Roz Larman faults Southern California concert promoters for not providing high-profile opening slots for emerging acoustic talent, where unknown artists might be able to find a large receptive audience.

Zachariah Love, concert manager at McCabe's in Santa Monica, the region's leading acoustic music venue, says it's a matter of economics: "The way the deals are structured, there isn't any money for an opening act most nights.
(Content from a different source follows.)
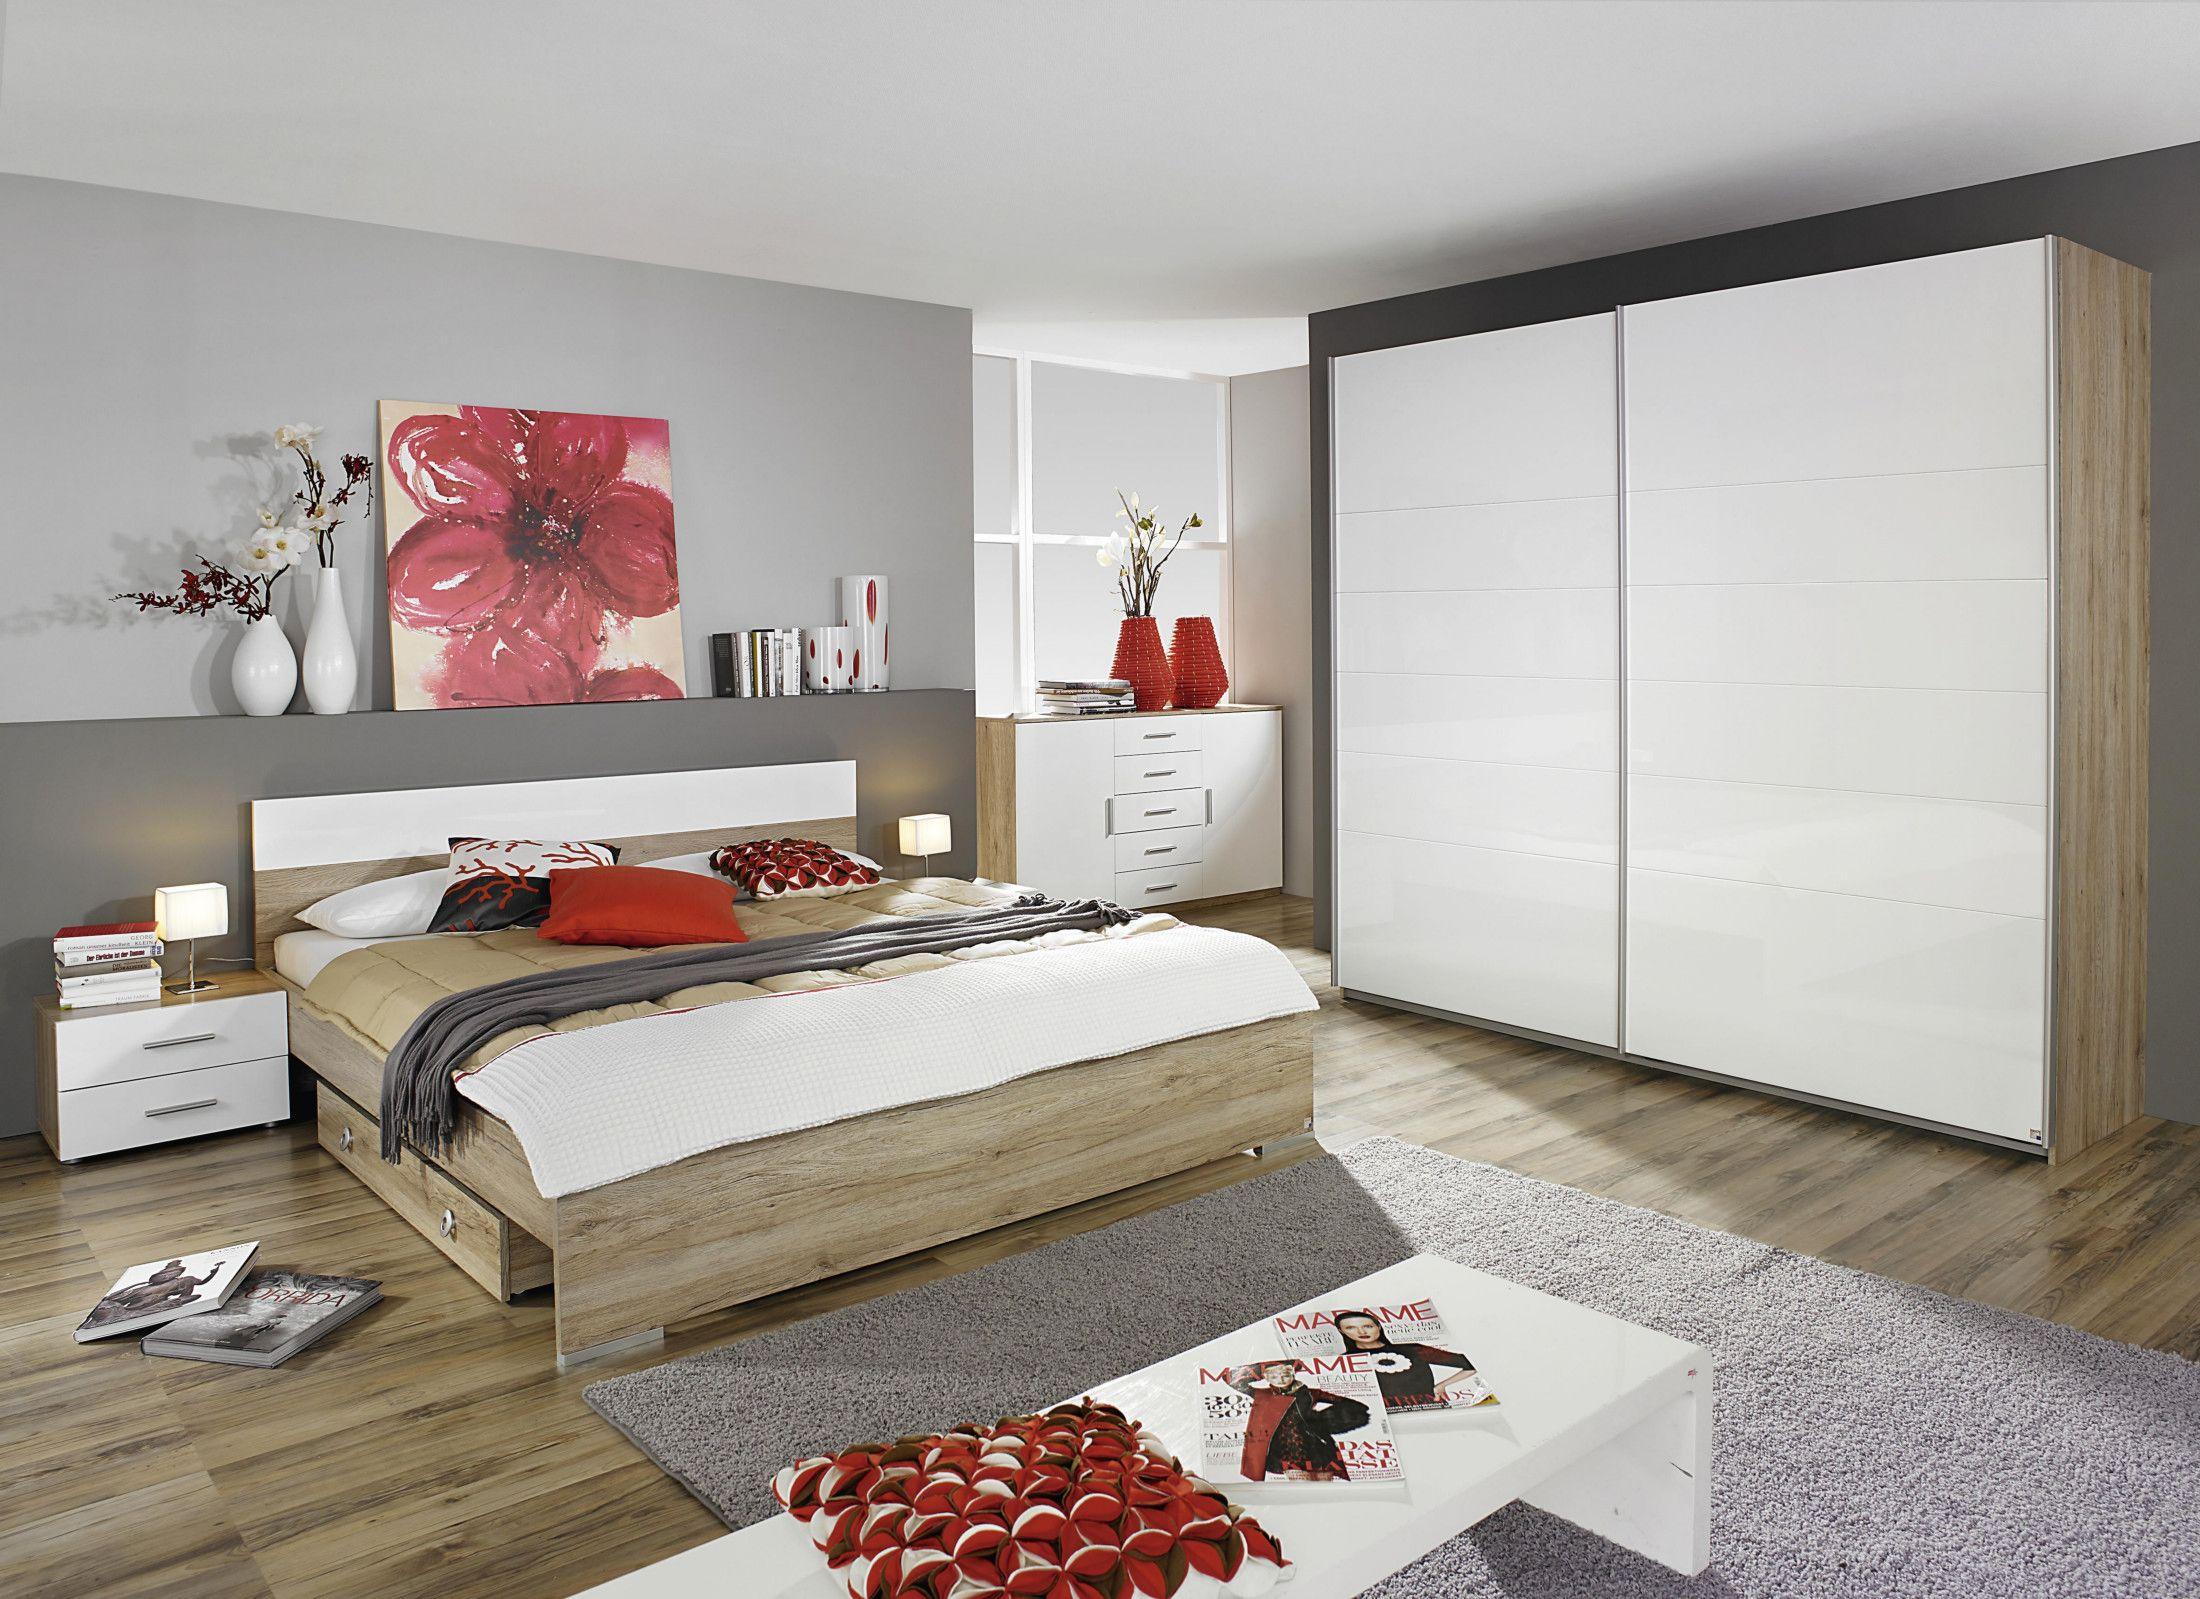 schlafzimmer set mit bett 160 x 200 cm eiche sanremo hell woody 33 01204 modern jetzt bestellen unter - Schlafzimmer Set Modern
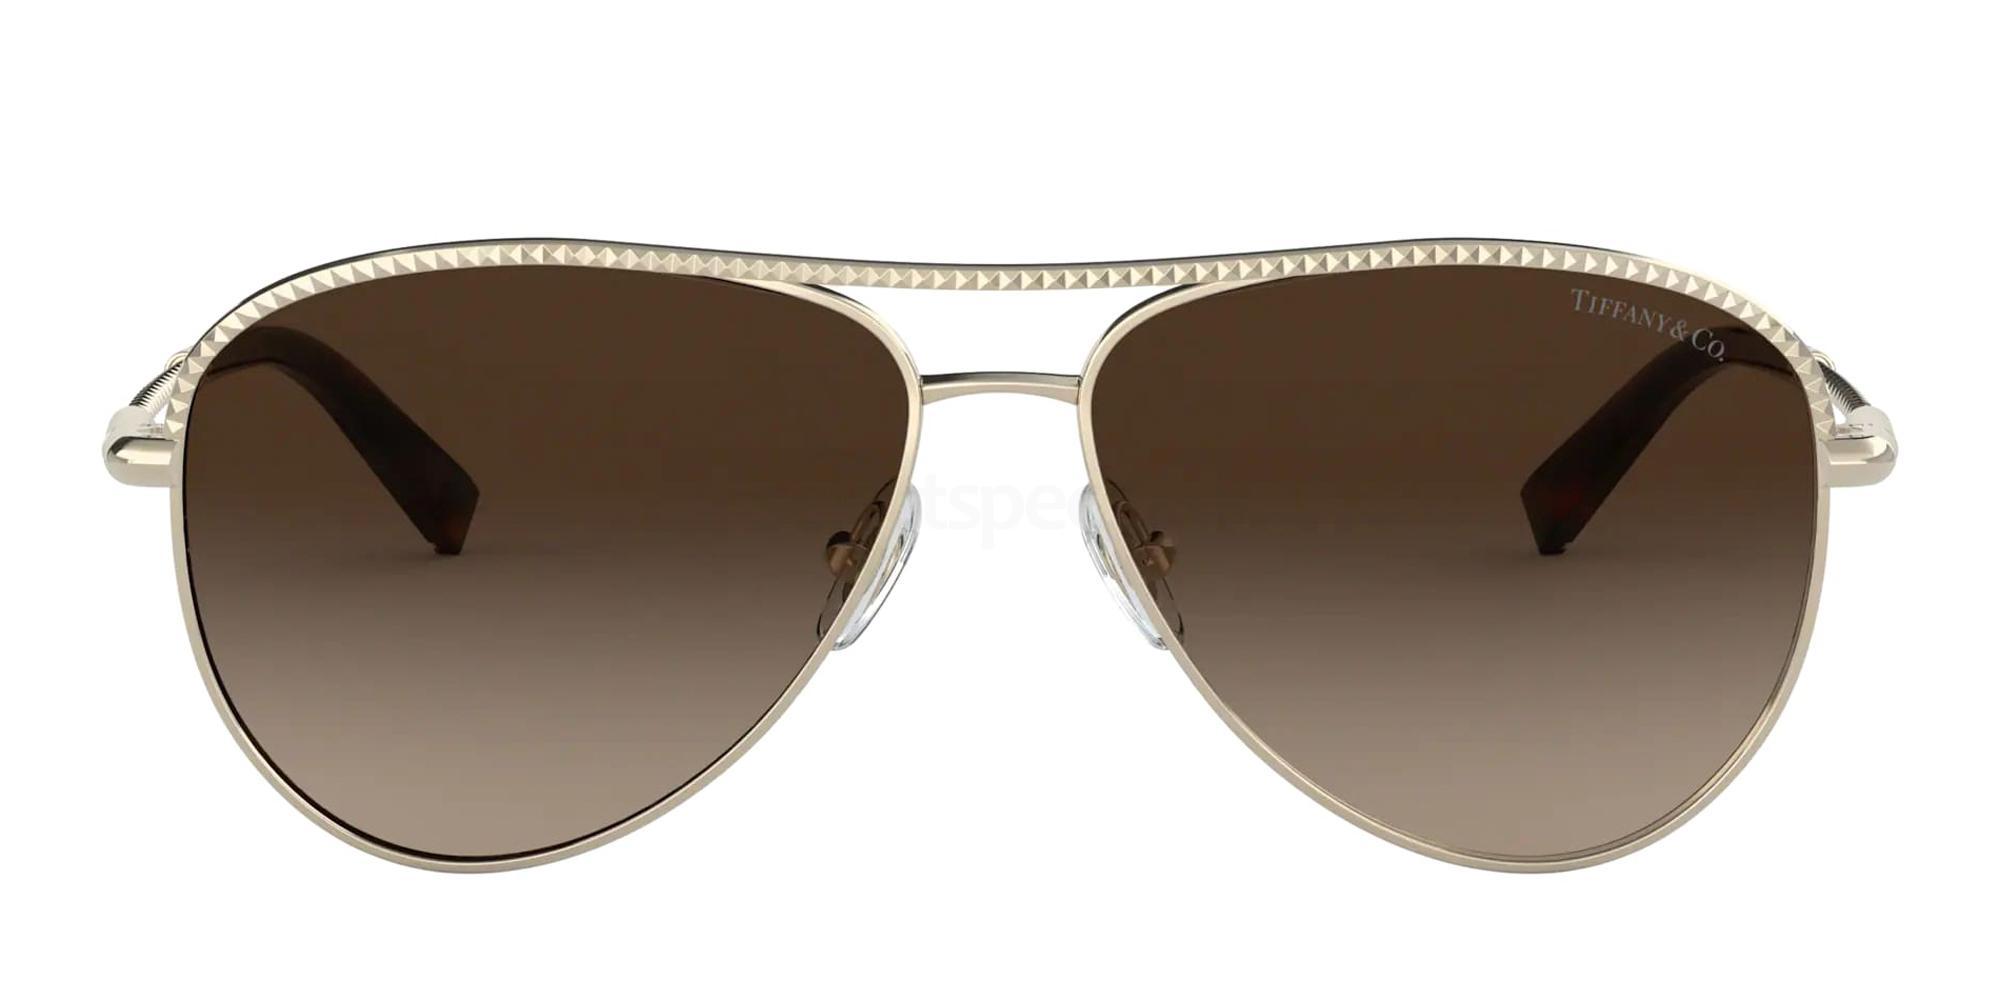 60213B TF3062 Sunglasses, Tiffany & Co.

McCabe's doesn't have a bar, so our profit margin is pretty small."

Stockfleth says he stopped putting on opening acts after getting burned by performers who exceeded their allotted time or simply didn't measure up to concert-level standards.

Kerry Getz, a singer-songwriter from Newport Beach who has national-caliber songs and talent, says she found a better scene last year in Bloomington, Ind., where she played on her first do-it-yourself tour, than she is accustomed to locally.

In the Southland, she said, "people have to go to hear you at coffeehouses, where you struggle to be heard between sputters of the milk frother and the bean grinder."

Getz was announced as an opening act for Williams and her touring partner, Ron Sexsmith, but she says Williams' agents decided against the late-running show that would have been needed to accommodate another act.

Getz says the L.A. scene for emerging songwriters has gotten so mercenary that a friend was pulled from a bill at a coffeehouse because he hadn't drawn enough listeners.

"That's one reason I don't play in L.A. anymore," she said.

Getz said the word is that things are better in San Diego, and she might try getting some gigs there. It worked for Jewel, who was discovered at a beach-side club in San Diego, making her the only queen of Lilith Fair to ascend from Southern California.